Few Old Testament saints embodied this reality better than David. His 34th Psalm is one we know well and often memorize because of its eloquent, heartfelt invitation to taste and see the Lord’s goodness in delivering his children from danger or evil. But we often forget that David wrote this Psalm from a dark and dusty cave, a prisoner of his divinely-directed victories, but also divinely-directed hatred by Saul. The God who had just delivered him from yet another potentially fatal meeting with another insecure king was the same God who had enabled him to win the battles that won the hearts of the people in the first place. David is far from living the sweet life, but because he knows God, what the world would call bitter, he can call good.

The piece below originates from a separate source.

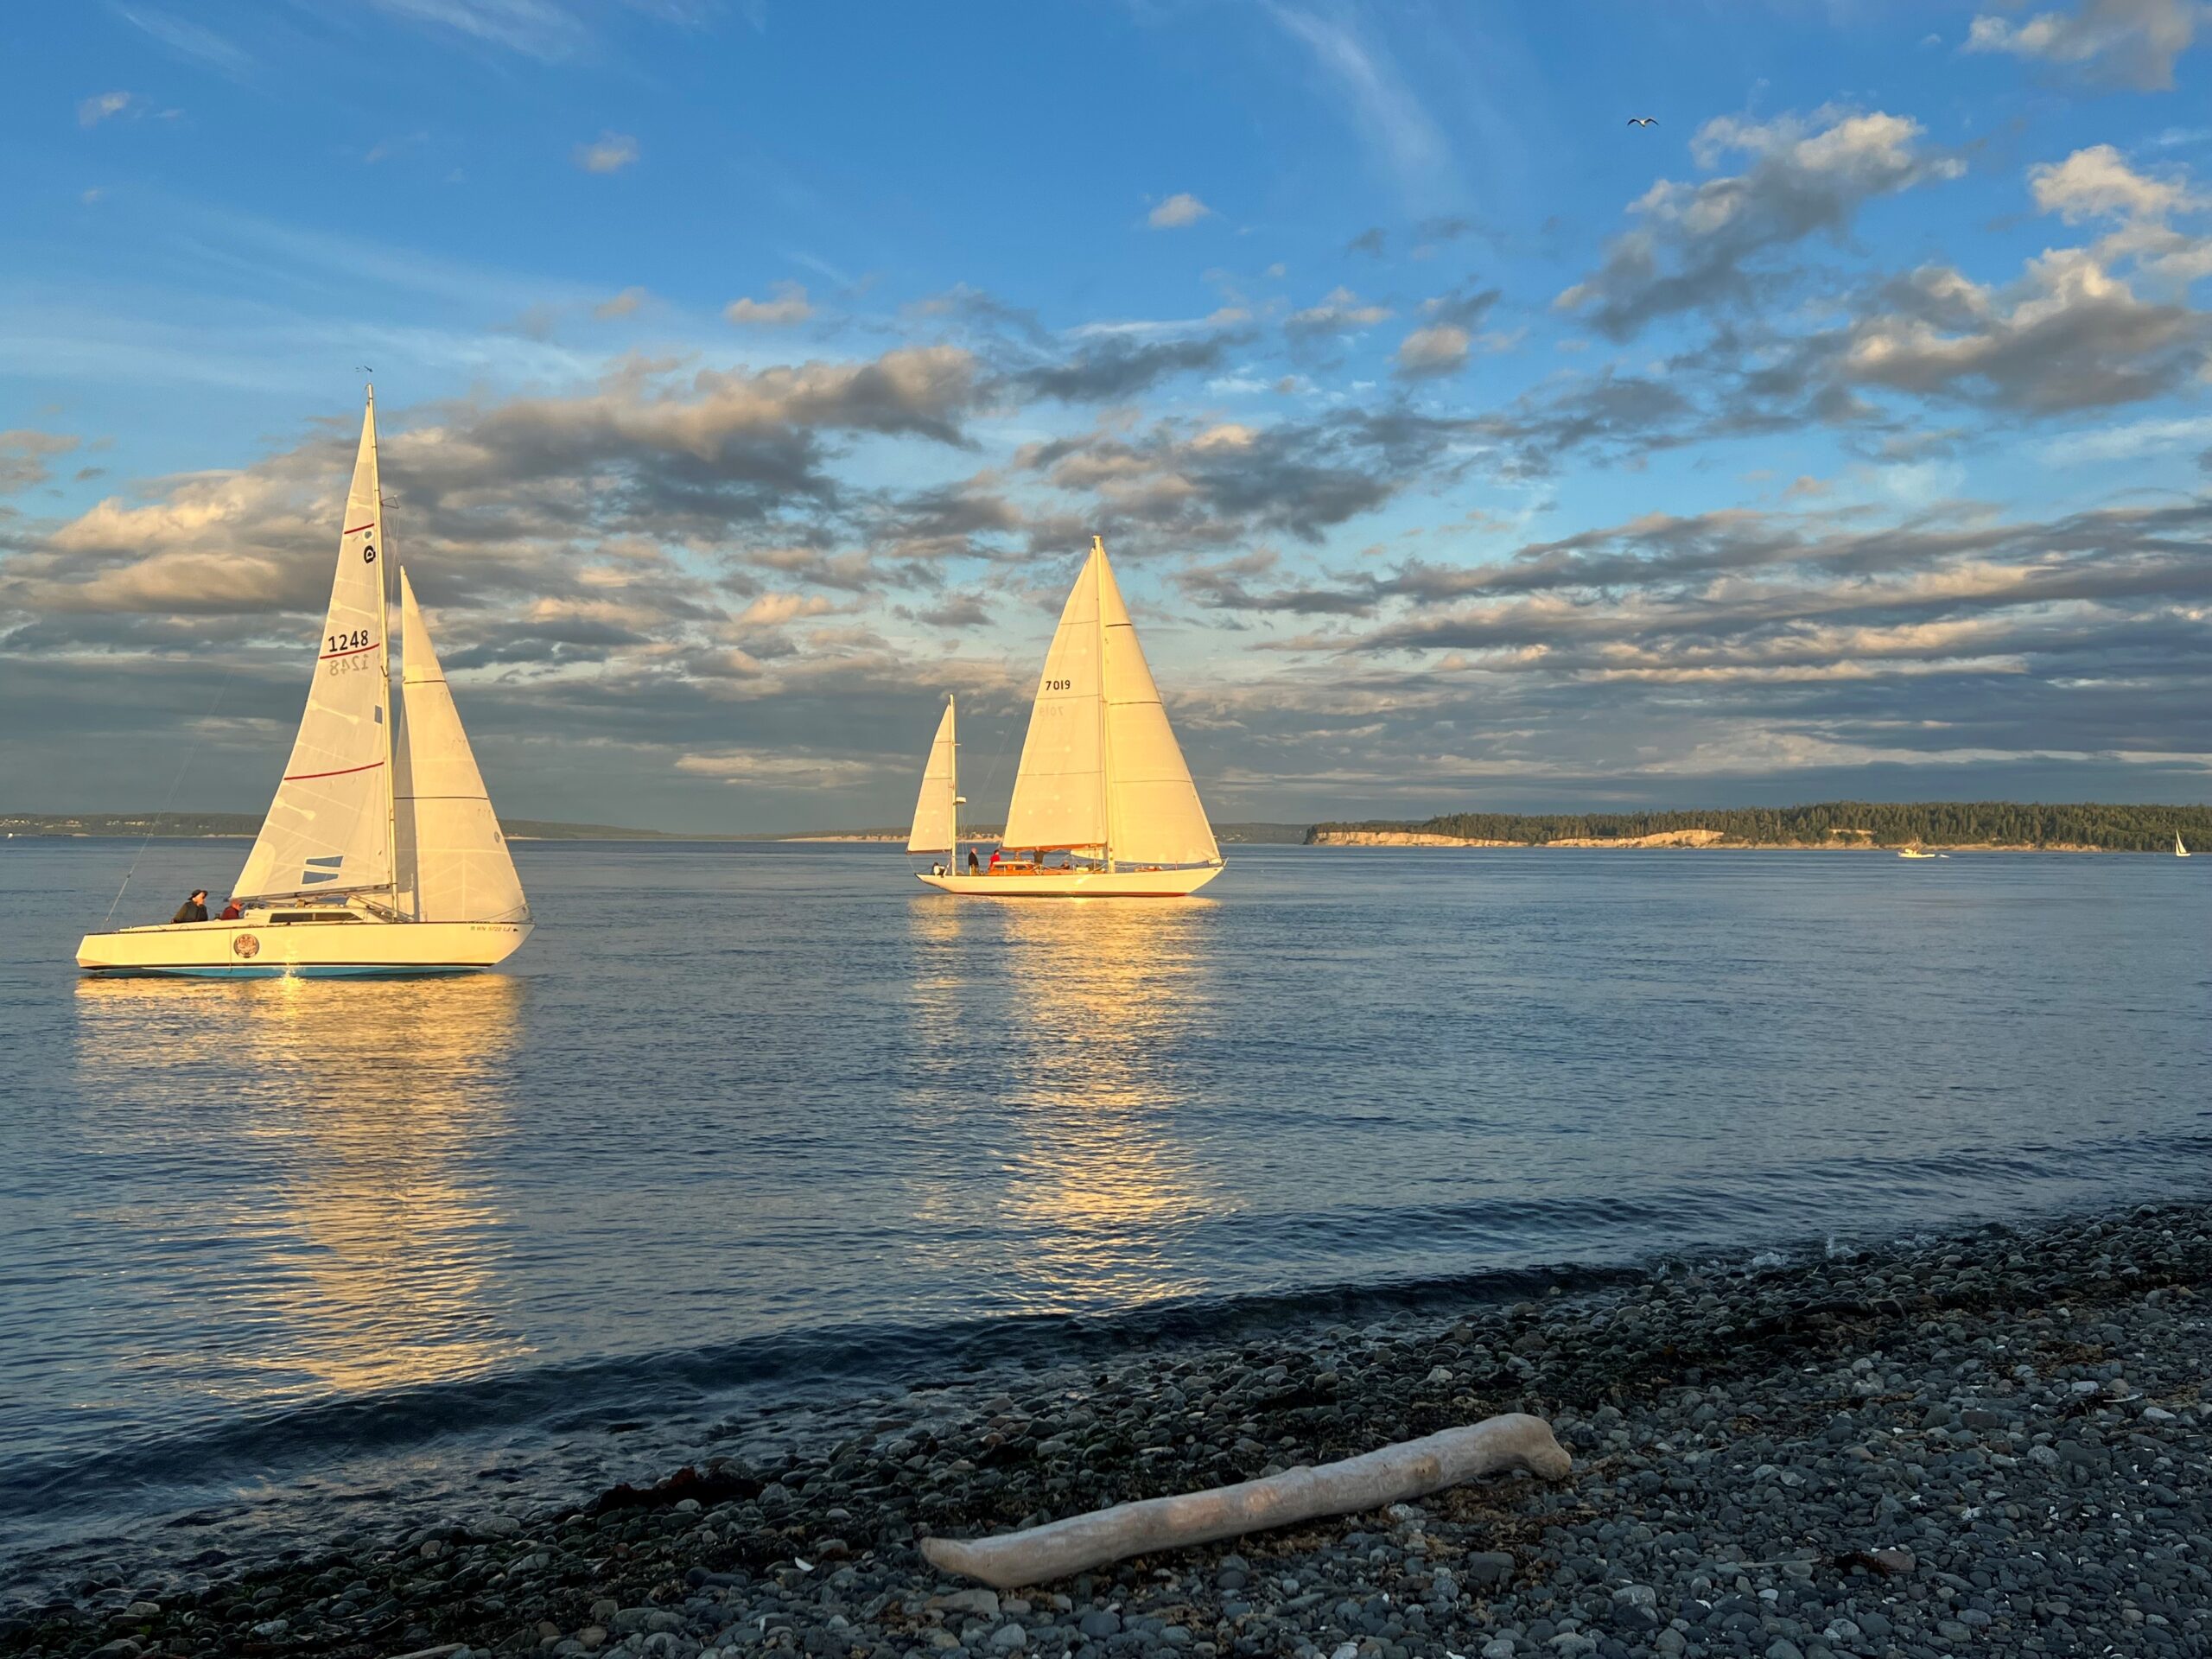 Experience the best of maritime Port Townsend by watching the sailboats at sunset off Point Hudson.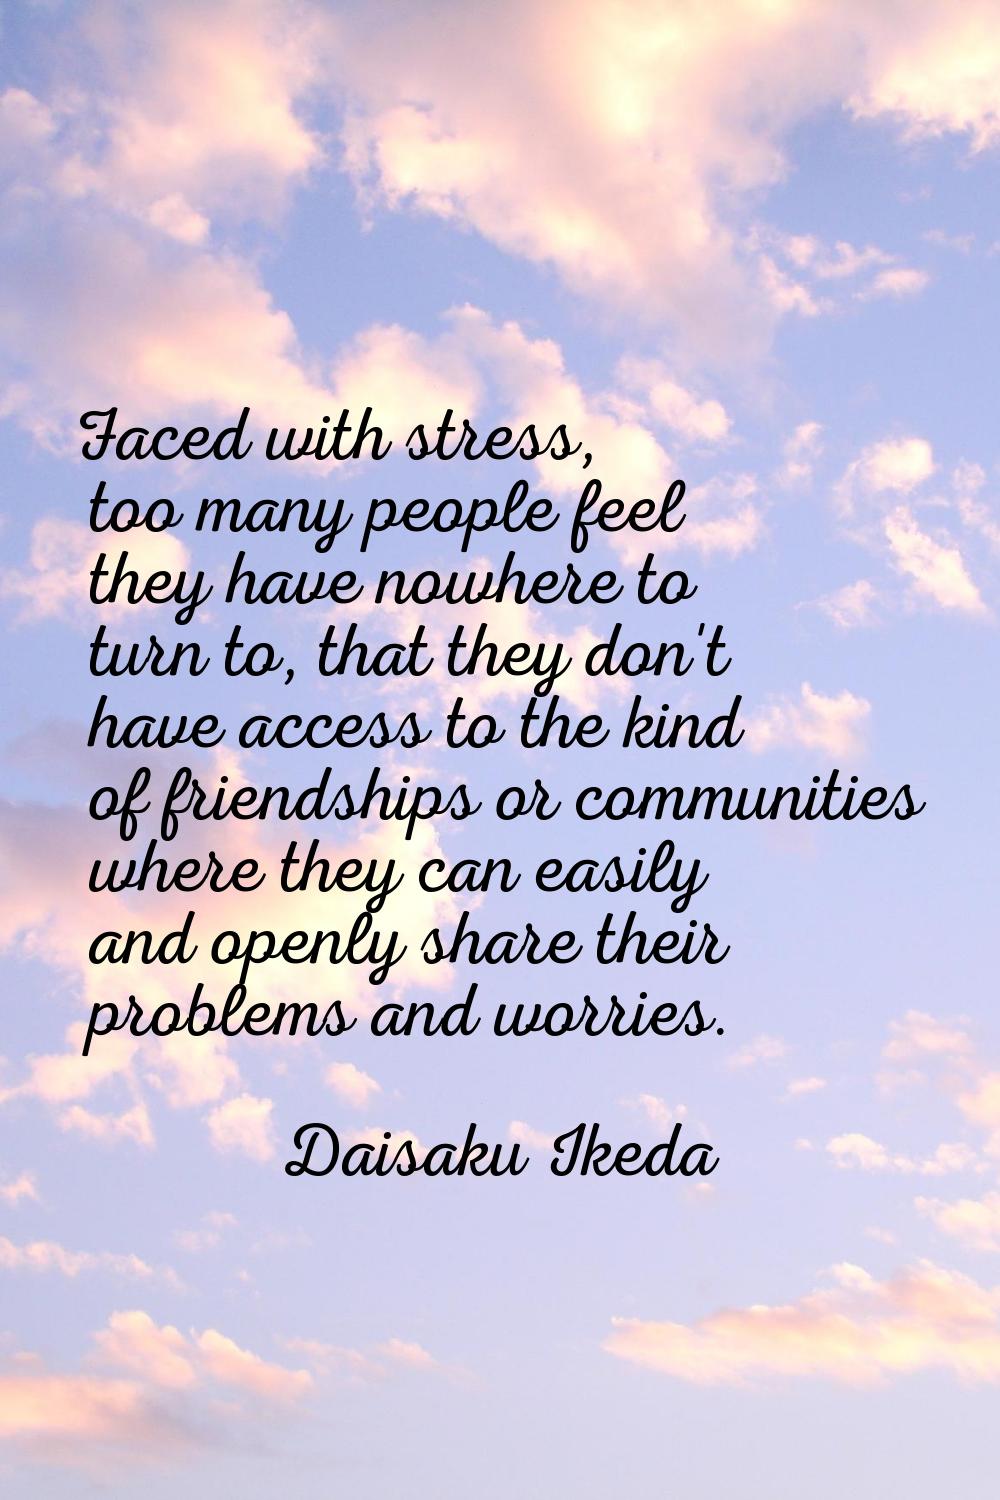 Faced with stress, too many people feel they have nowhere to turn to, that they don't have access t

It’s part of the tragic irony of David’s life that it’s when his dwelling changes from a dirty cave to a king’s palace that he forgets the goodness of God and falls into grievous sin by committing adultery with another man’s wife, and then murdering the woman’s husband in a futile attempt to hide his sin. When God sends Nathan to expose confront him, David could have abused his earthly authority over the prophet like he did over Uriah’s wife and Uriah himself, and had Nathan killed too. Instead, David repents, receives the consequences of his sin with humble grief, and pours out his heart to His God in Psalm 52. The bitterness of his sorrow is palpable. But the bitterness he tastes is not the world’s bitterness at exposure and consequential loss, the kind that flees God’s discipline. This is the medicinal bitterness of spiritual healing, the kind that submits to God’s discipline and, as a direct result, experiences healing and restoration
David’s testimony to the goodness of God in the midst of the bitterness of life foreshadows the supreme bitterness of Jesus’ suffering on the cross, not for His sin, but for our own. His was the ultimate guiltless suffering, meted out by His Heavenly Father as payment for our sin. Only through his sinless life and cursed death could our healing and restoration be accomplished. This is the irony of the soldiers’ mockery as they offered Jesus wine mixed with bitter herbs before his crucifixion began. The previous day, Jesus had told his disciples he would not drink wine again until he drank it with them in his Father’s kingdom. Wine was the sweet drink of rejoicing, and the time of rejoicing had not yet come. Jesus rejected the wine in part, not because it was too bitter, but because it wasn’t bitter enough. His willingness to taste the undiluted bitterness of judgment and death on my behalf purchased my restoration and healing, and, one day, my seat with him at our wedding banquet when we will drink that sweet new wine together. And while I wait, it empowers me to receive my own times of circumstantial bitterness as a way to taste the goodness of God.
While the past month has been filled with the usual circumstantial ups and downs, and even some really tremendous blessings, the past week came near to flattening me, physically and spiritually. This post is already too long to list everything that happened (and is still happening), but suffice it to say that on Tuesday the idea that what I was experiencing and spiritually tasting had anything to do with the goodness of God would, to an outsider, seem preposterous. Yet it was David’s words from a cave that anchored me, and now, just a few days later, I can say with David that God saves those who are crushed in spirit. I’m on the cusp of an equally brutal week, and there will likely be more moments of crushing. Which means there will be more opportunities to taste God’s goodness. And that is a sweet, sweet way to begin a week.